You know, it's a mix. And so these couple that we've talked about are one mile. Um, but we have some wells that are over 10,000. They're going to be, you know, one and a quarter, one and a half, excuse me, two and a quarter, two and a half. So we are looking at some extended laterals as well. Um, but I would tell you, again, everybody's got, you know, drilling info or various these days, and they can look and find the white spot on the map. If there's a, A white space, 10,000 foot unit, everybody's looking at it. It's the stuff that's got a little bit of hair where you can get scrappy and block and trade. And so I think our average well in that is probably somewhere around 7,000 feet. And so you do have maybe more one mile versus two mile, but there's a good number of extended vitals in there as well.
Could you characterize the zones you're talking about? Are these kind of the primary, you know, Wolf Camp A and Bone Spring, or are they more kind of secondary targets? Is that the reason that you had the opportunity to get in there and capture them?

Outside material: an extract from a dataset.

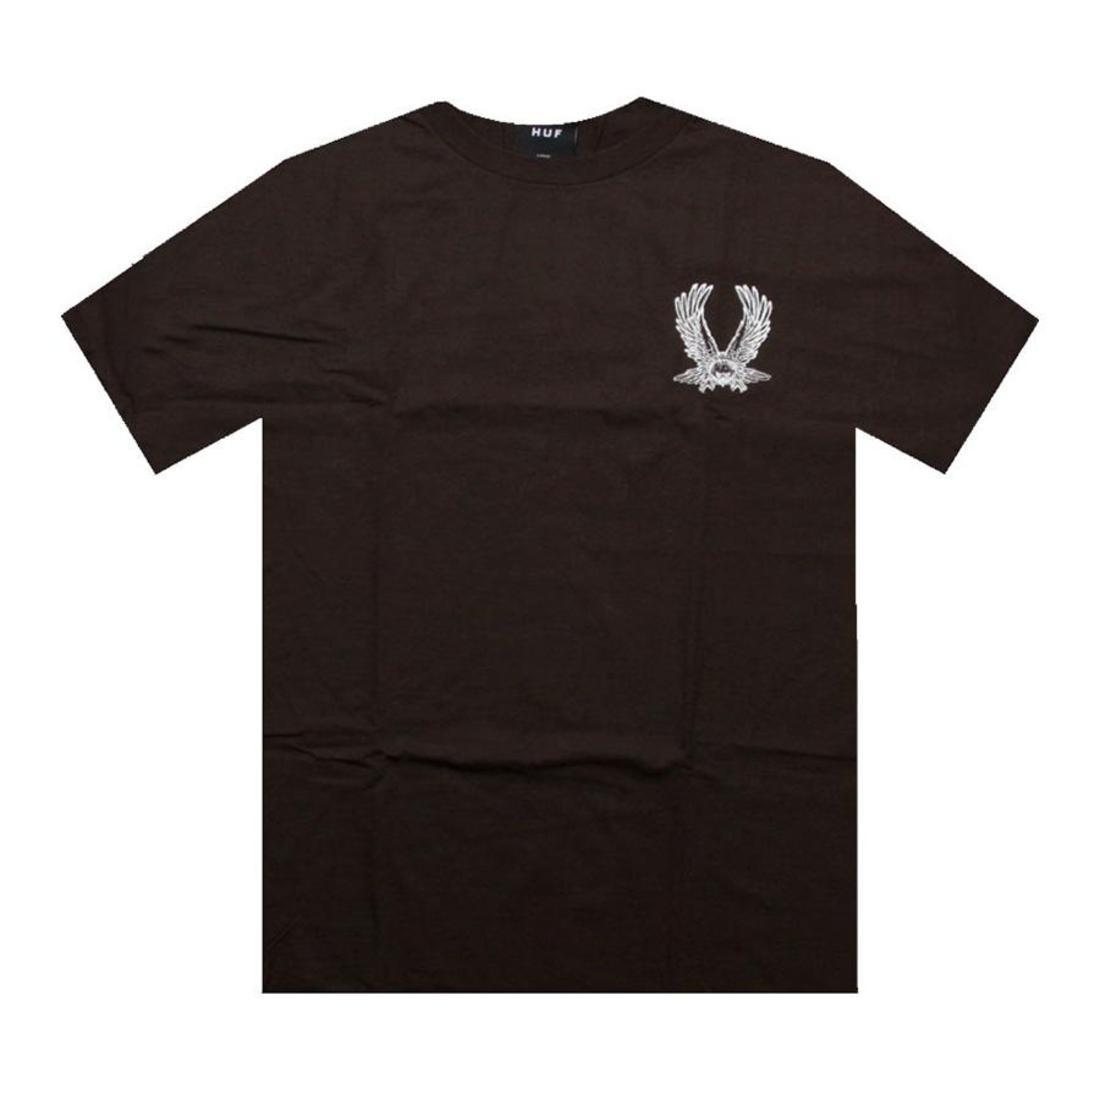 HUF ハフ フライト Tシャツ 茶 ブラウン 【 HUF FLIGHT BROWN TEE 】 メンズファッション トップス Tシャツ カットソー

Yeah, it bounces around a lot. So some, it's your primary zones. In fact, if I were to say, you know, what's the majority of the targets, the majority of the targets that we're going to drill anyway are in the primary zones, and that's where we've allocated value. But you do have some secondary opportunities as well. We have an opportunity with a large operator where, you know, they went in and they developed the bone springs in Wolf Camp A. And, you know, fast forward a few years, the B and C are now actively developed around them, but they had not been drilled yet. And so we were able to farm in on them and drill those locations. The neat thing about that is what we're drilling beneath existing wells There's just a lot of synergies from a cost perspective. We're able to leverage our facilities. In some cases, we've talked about turning over operations once the wells are online, which is great. You know, these folks are really good at what they do on the operations side, and so we don't have to spend the time, energy, or effort managing wells. But if I look at, in the majority of the inventory, it's, you know, sun springs, X, Y, and A, but there is a decent number in the B as well and some C.
Thanks for that detail. Just one last one. It looked like your share count went down about $2 million from the prior quarter, your diluted share count. I know your buyback expired at the end of the year. I didn't see anything on repurchases. Is that just some technical difference in the way that shares were counted during the quarter or something else going on there?
It might be the quarterly average. You're right. The share repurchase ended at $1,231. So it could be just average share counts between the fourth quarter and the first quarter. That could have gone down by $2 million.
Okay. Got it. Thanks, guys. Appreciate it.
Absolutely. Thanks for the question.
If there are no further questions at this time, this concludes today's conference call. Thank you for your participation. You may now disconnect.